DATA START

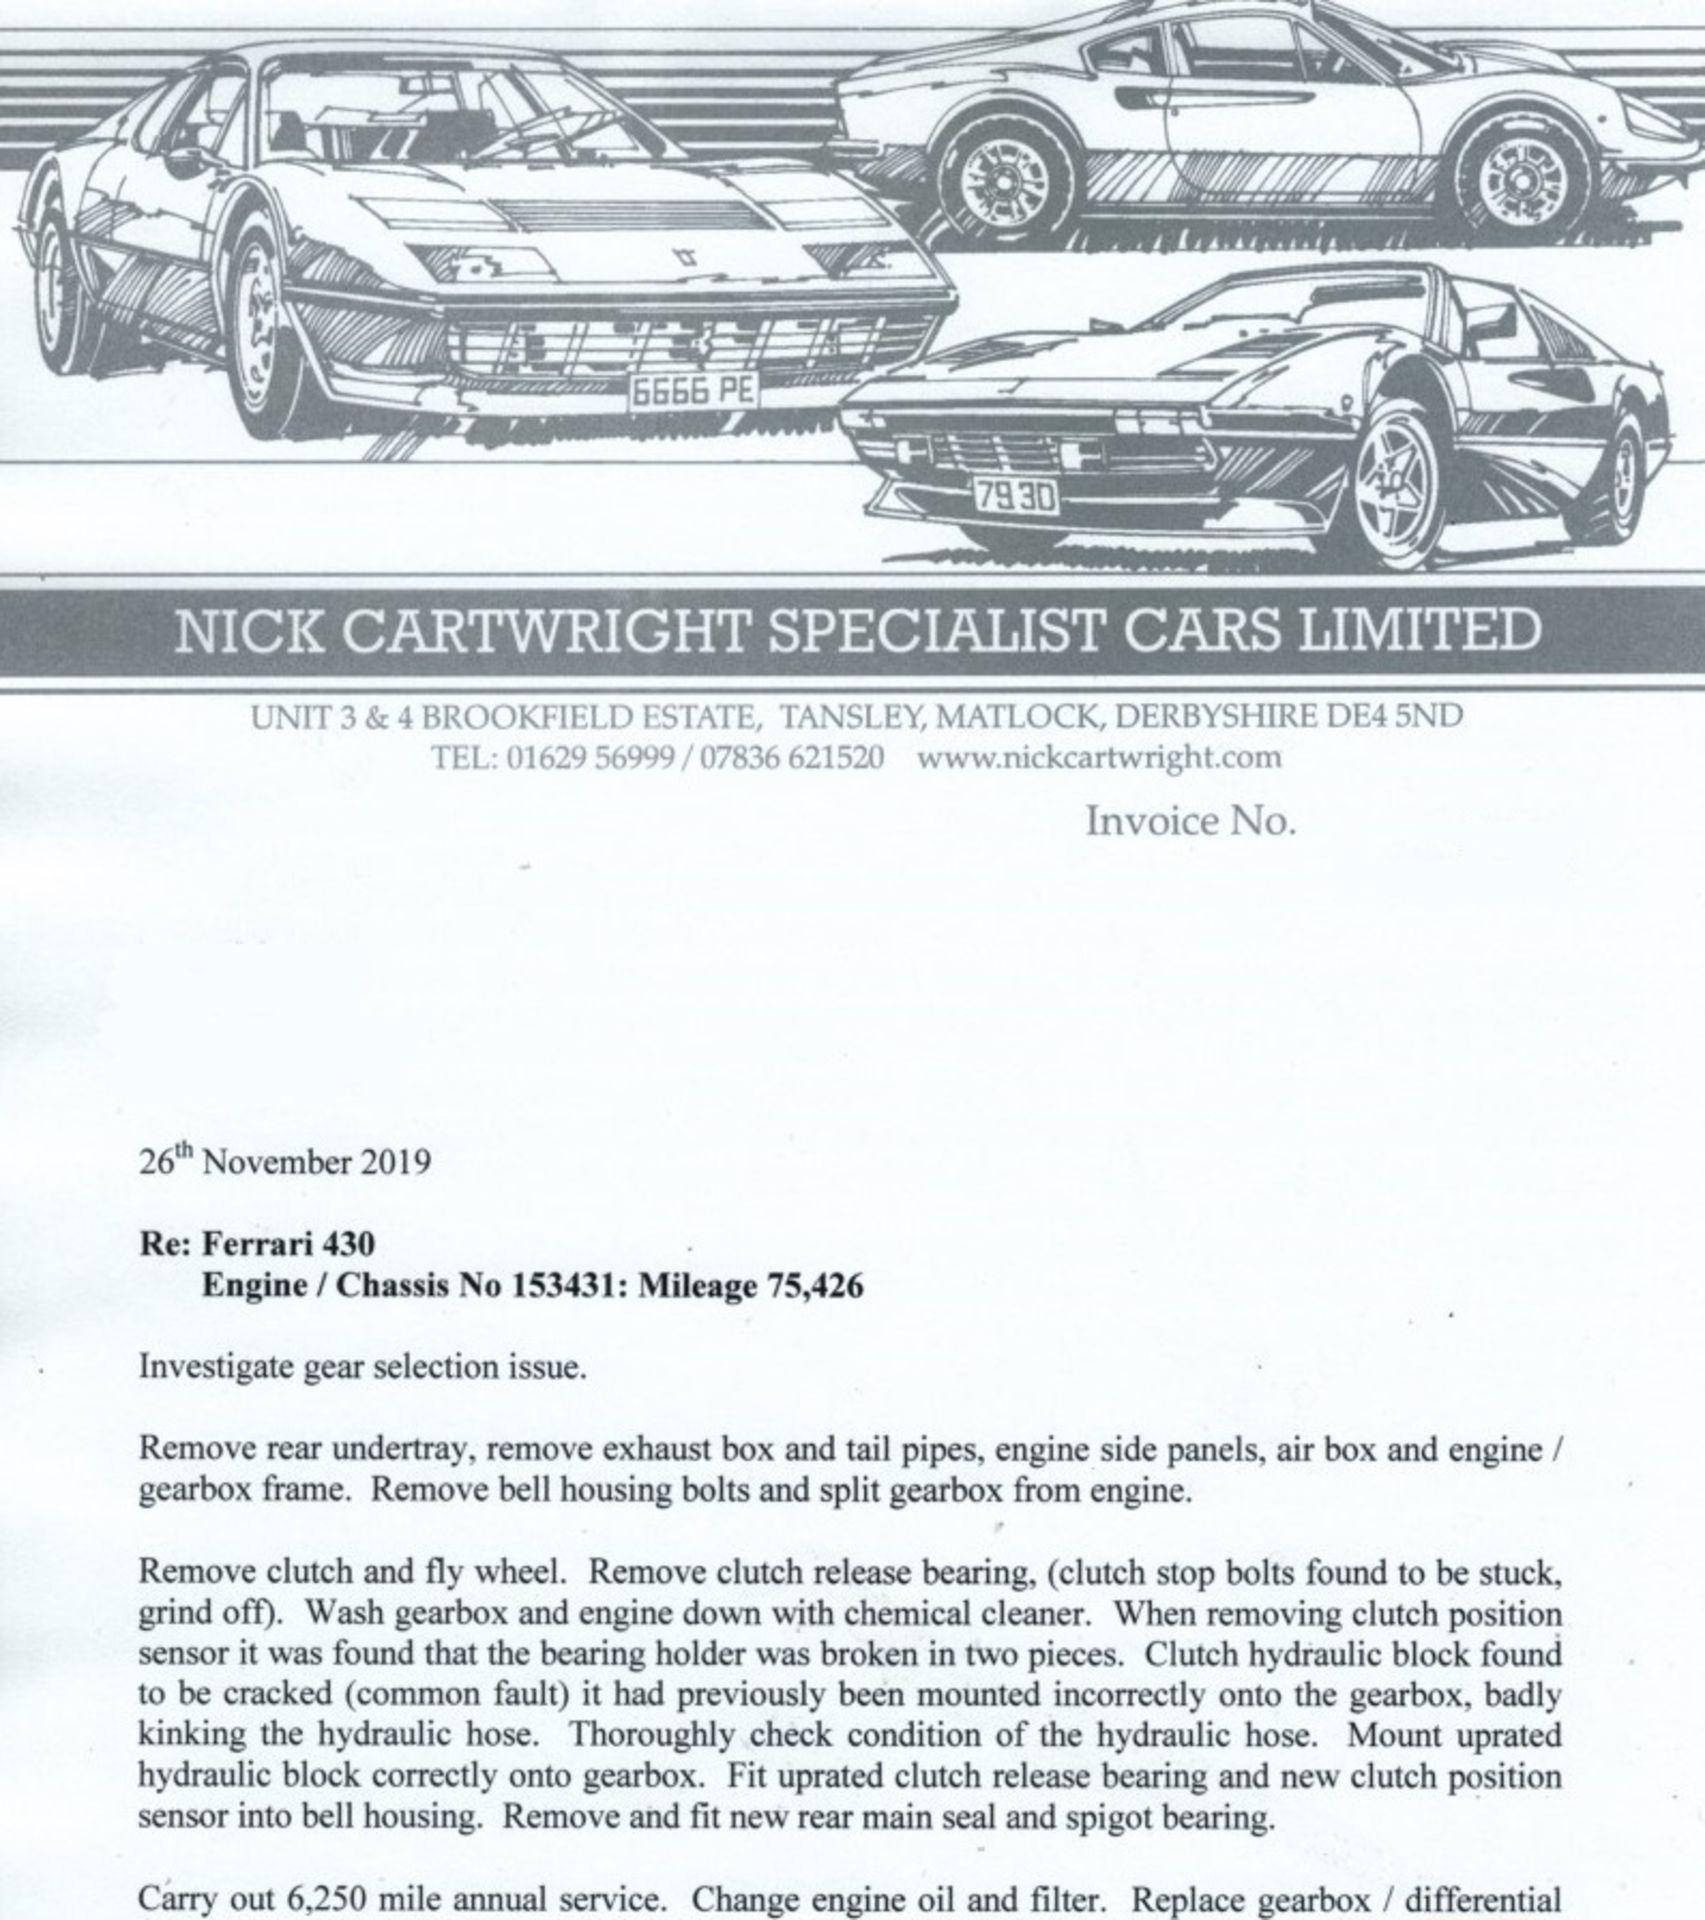 Lot 5 - 2007/56 Reg Left Hand Drive Ferrari F430 Coupe 4.3L V8 in Nero Daytona *NO VAT*
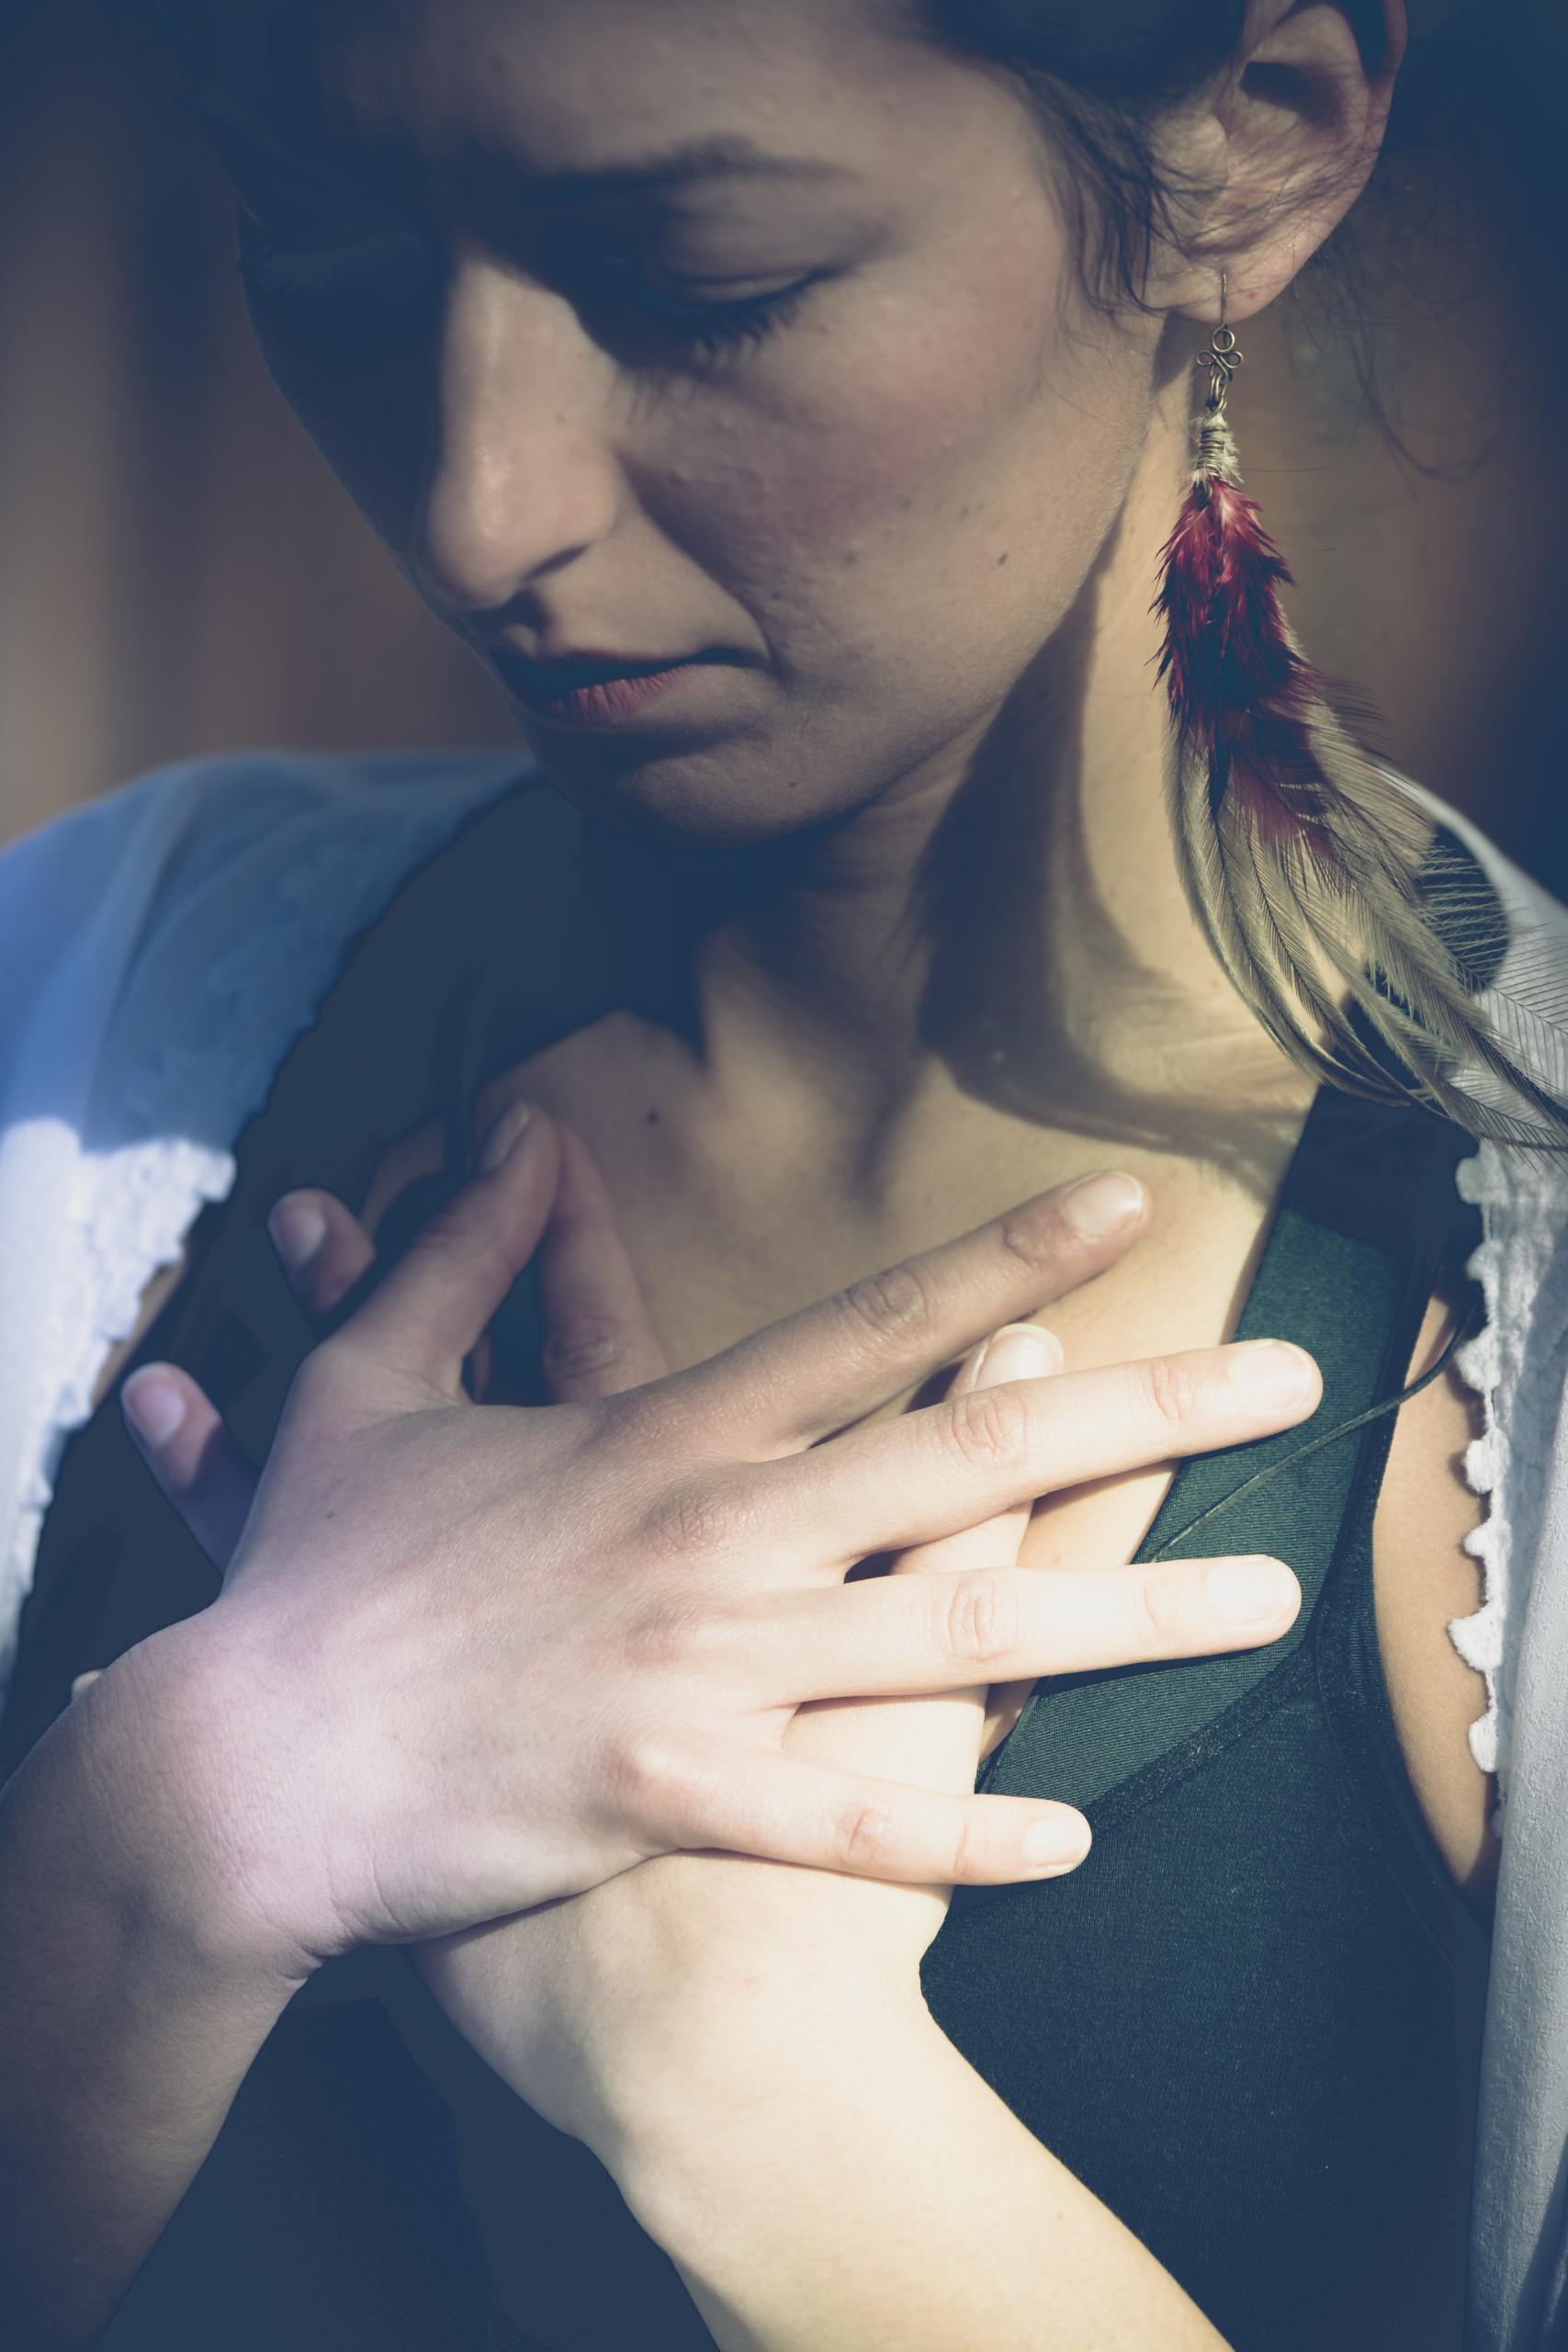 Jelena Drofenik-Premauer - #yogadoula - Portrait beide Händen auf dem Herzen - Einsicht
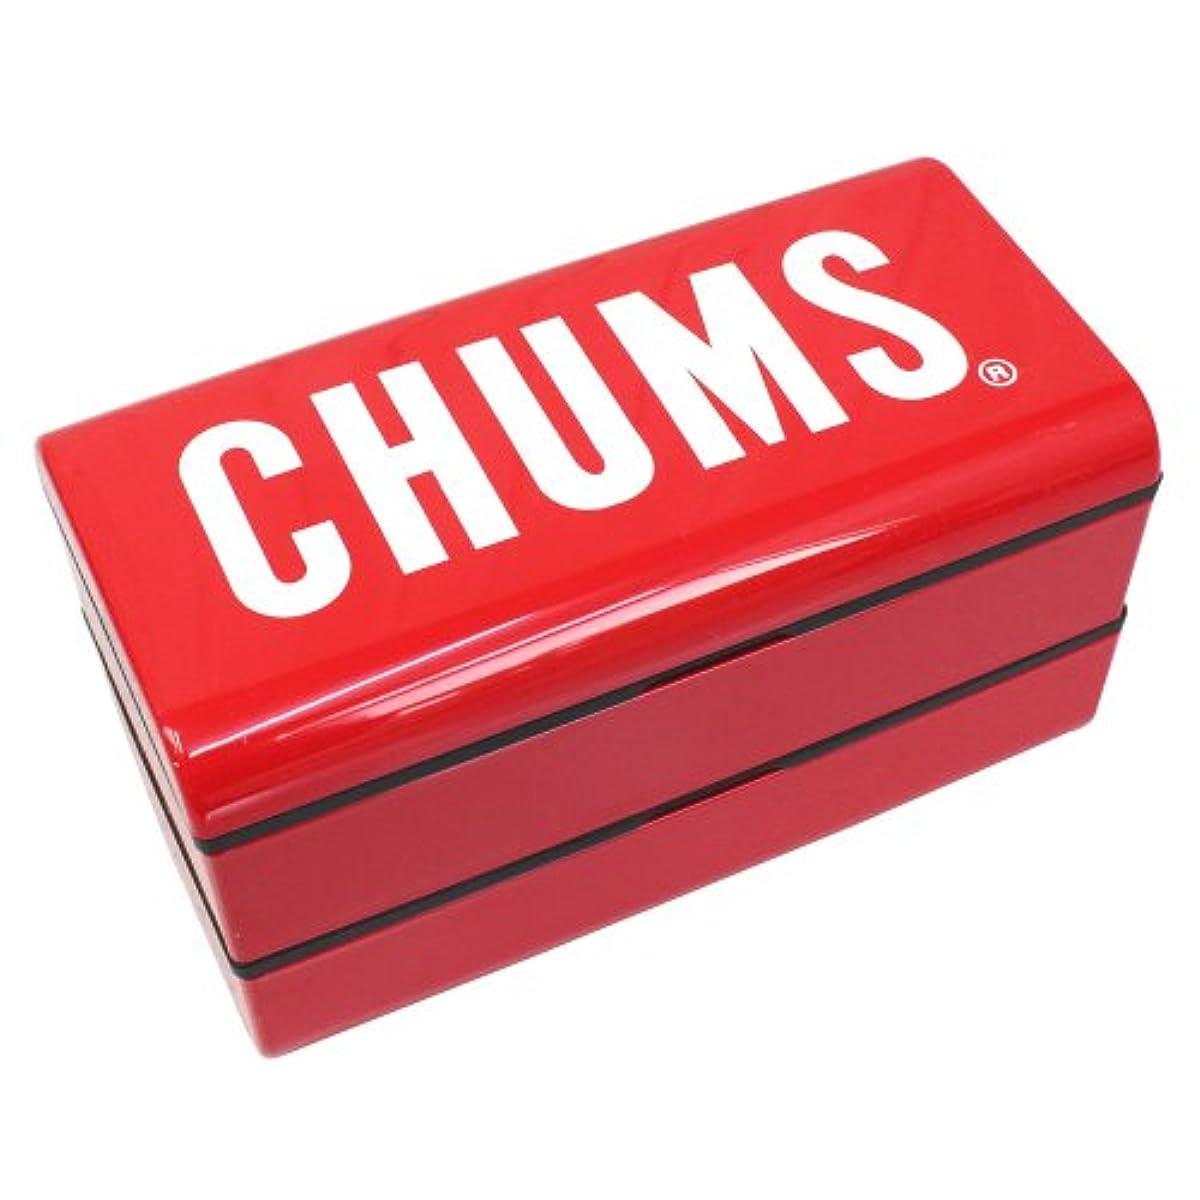 [해외] CHUMS 첨스 런치박스 도시락

DATA END

▸ **REQUIRED WORK**
Excluding pictures, print all lines above exactly.

▸ **ANSWER BELOW**
 Lot 5 - 2007/56 Reg Left Hand Drive Ferrari F430 Coupe 4.3L V8 in Nero Daytona *NO VAT*
 Jelena Drofenik-Premauer - #yogadoula - Portrait beide Händen auf dem Herzen - Einsicht
 [해외] CHUMS 첨스 런치박스 도시락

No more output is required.